CARTA is a POC PostgreSQL data pipeline for extracting geometric and topological quantities from AI conversation data. It was built as an early exploration into whether embedding geometry and conversation tree structure carry meaningful signal beyond similarity search. The result was yes, and that exploratory work informed later, more formal detection work in RICCI.

Functionality

  • Processes ChatGPT conversation export JSON, including branching conversation trees
  • Parses conversations into relational node and prompt-response pair structures
  • Generates embeddings via the OpenAI API
  • Stores conversations, nodes, and pairs in PostgreSQL with pgvector
  • Supports cross-conversation semantic search and branch/query analysis through SQL functions

This repository is preserved as an honest proof-of-concept.
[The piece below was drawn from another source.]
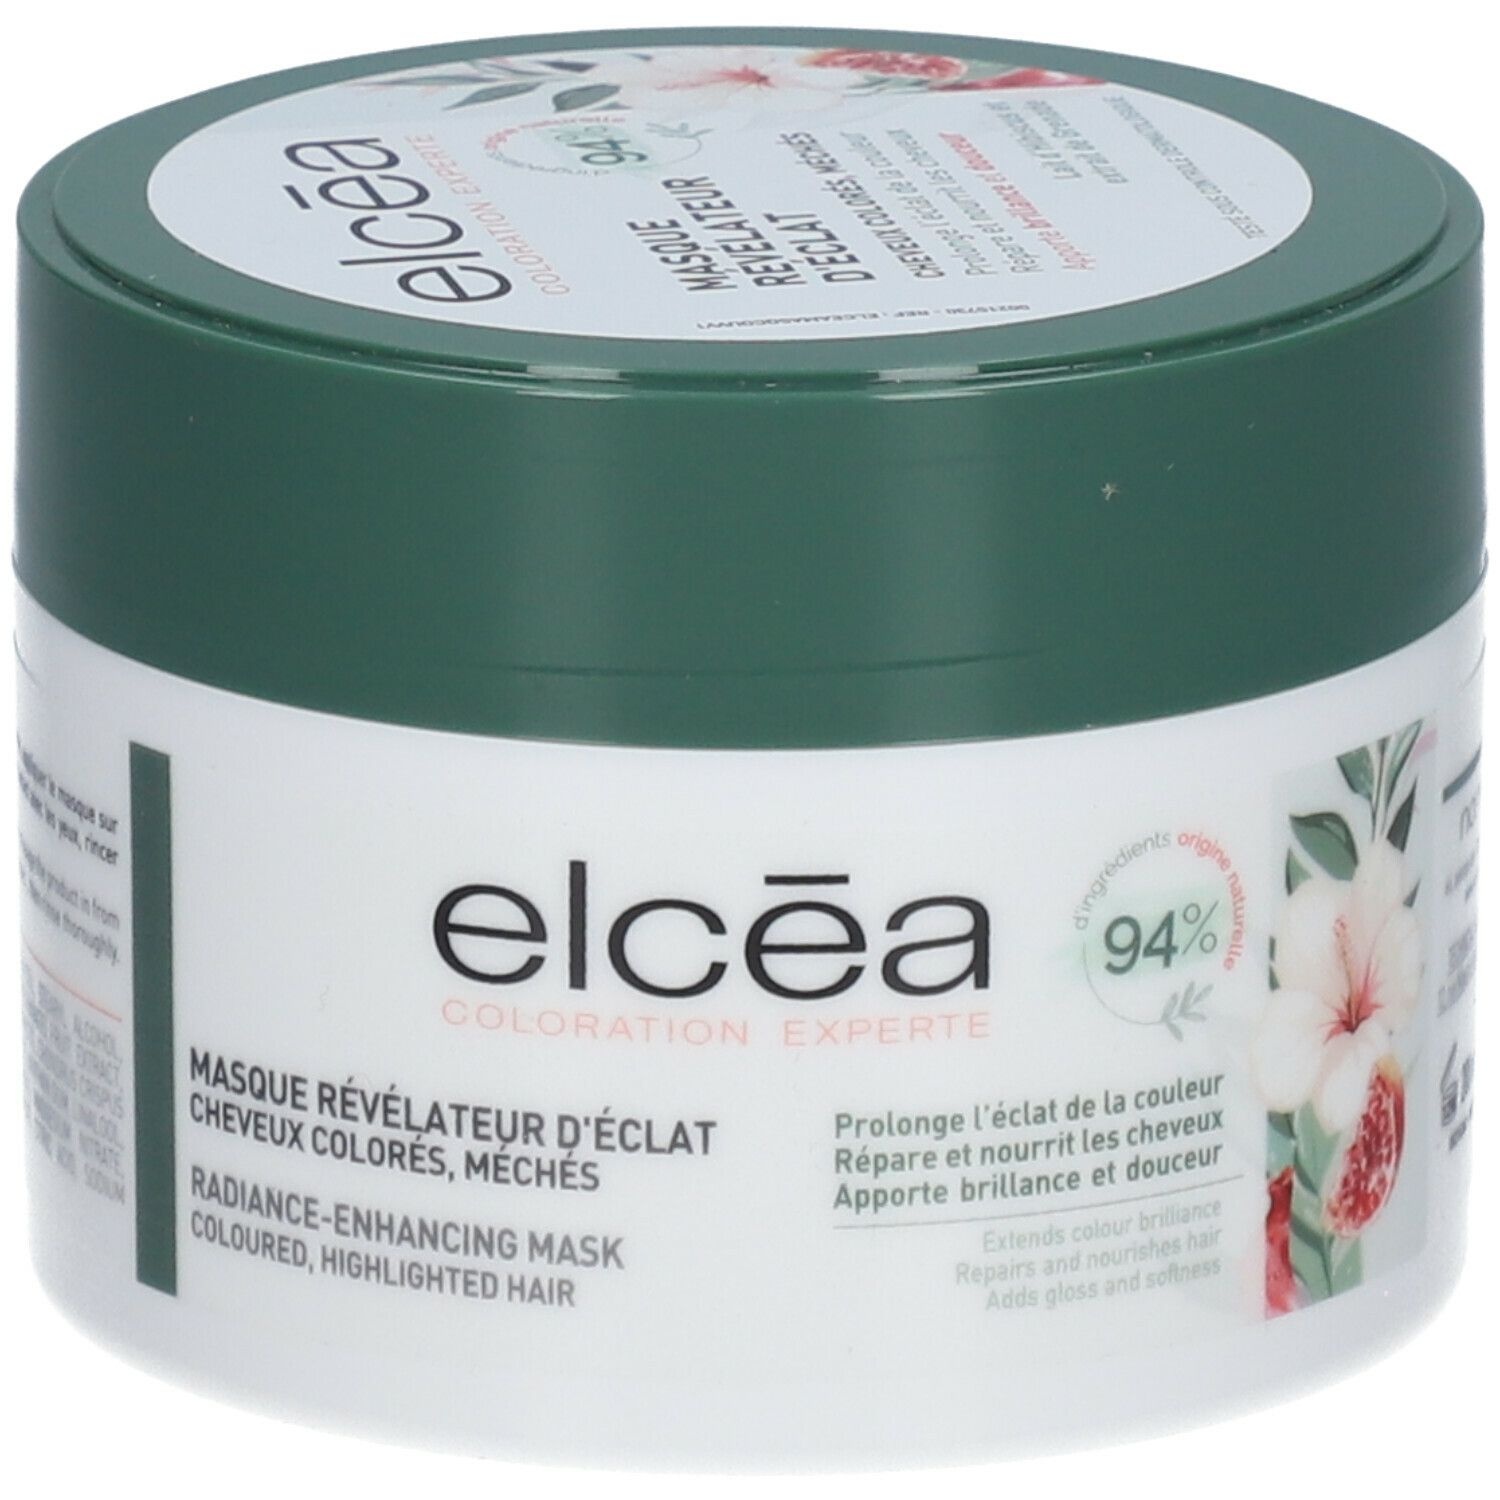 elcéa Masque Révélateur d’Eclat 250 ml crème

It is runnable and inspectable, but is not presented as a polished production system.

Analytical Scope

CARTA currently persists 24 live-populated structural and analytic quantities across nodes and pairs, covering lineage, branching, semantic distance, coherence, and cross-conversation querying.

Architecture

Ingestion

  • src/carta/parser/: reconstructs ChatGPT export trees into normalized node and pair records
  • src/carta/embedder/: requests embeddings and computes local semantic distance features
  • src/carta/pipeline.py: Python pipeline orchestrating parse -> embed -> store flow

Database

  • src/carta/db/migrations/001_initial_setup.sql: schema, tables, and base analytical views
  • src/carta/db/migrations/002_indexes.sql: relational, JSONB, and HNSW vector indexes
  • src/carta/db/migrations/003-007: vector and ancestry-oriented SQL functions
  • src/carta/db/migrations/008-010: branch/query analysis functions
  • src/carta/db/migrations/011_access_policies.sql: access policies and analytical views

The schema currently ships as 11 SQL migration modules and 20 SQL functions. The paths table is present in the schema but intentionally left unpopulated in the current pipeline.

Quick Start

Prerequisites

  • Python 3.8+
  • Docker Desktop or another local Docker runtime
  • OpenAI API key

Setup Python

python -m venv venv
source venv/bin/activate
pip install -r requirements.txt
cp env.example .env

Set OPENAI_API_KEY in .env.

Setup Local Postgres + pgvector

./scripts/setup_db.sh

This starts a local PostgreSQL container, creates the carta database, and applies all 11 migrations.

Run The Included Sample

./scripts/run_sample.sh

This loads test_data.json, generates embeddings, and stores the resulting conversation graph in PostgreSQL.

Sample Data

  • test_data.json is a synthetic ChatGPT-style export included for reproducible local testing
  • Expected sample result: 1 conversation, 11 nodes, 5 pairs

Example Python Usage

File-only processing:

from src.carta.pipeline import Pipeline

pipeline = Pipeline(store_to_database=False)
conversation_ids = pipeline.process_file("test_data.json", save_intermediates=False)
print(conversation_ids)

Database-backed processing:

from src.carta.pipeline import Pipeline

pipeline = Pipeline(store_to_database=True)
conversation_ids = pipeline.process_file("test_data.json", save_intermediates=False)
print(conversation_ids)

Status

Proof-of-concept. No longer actively developed. Preserved as an exploratory predecessor to later work.

Relationship To RICCI

CARTA established that conversation geometry appears to carry meaningful behavioral signal. RICCI takes that insight further into a more comprehensive detection architecture with a more mature formal frame.

License

MIT License

Author

Diesel Black, Inside The Black Box LLC

About

PostgreSQL pipeline for extracting geometric and topological quantities from AI conversation trees. The exploratory predecessor to RICCI; confirmed that embedding geometry carries meaningful behavioral signal and informed the detection architecture that followed.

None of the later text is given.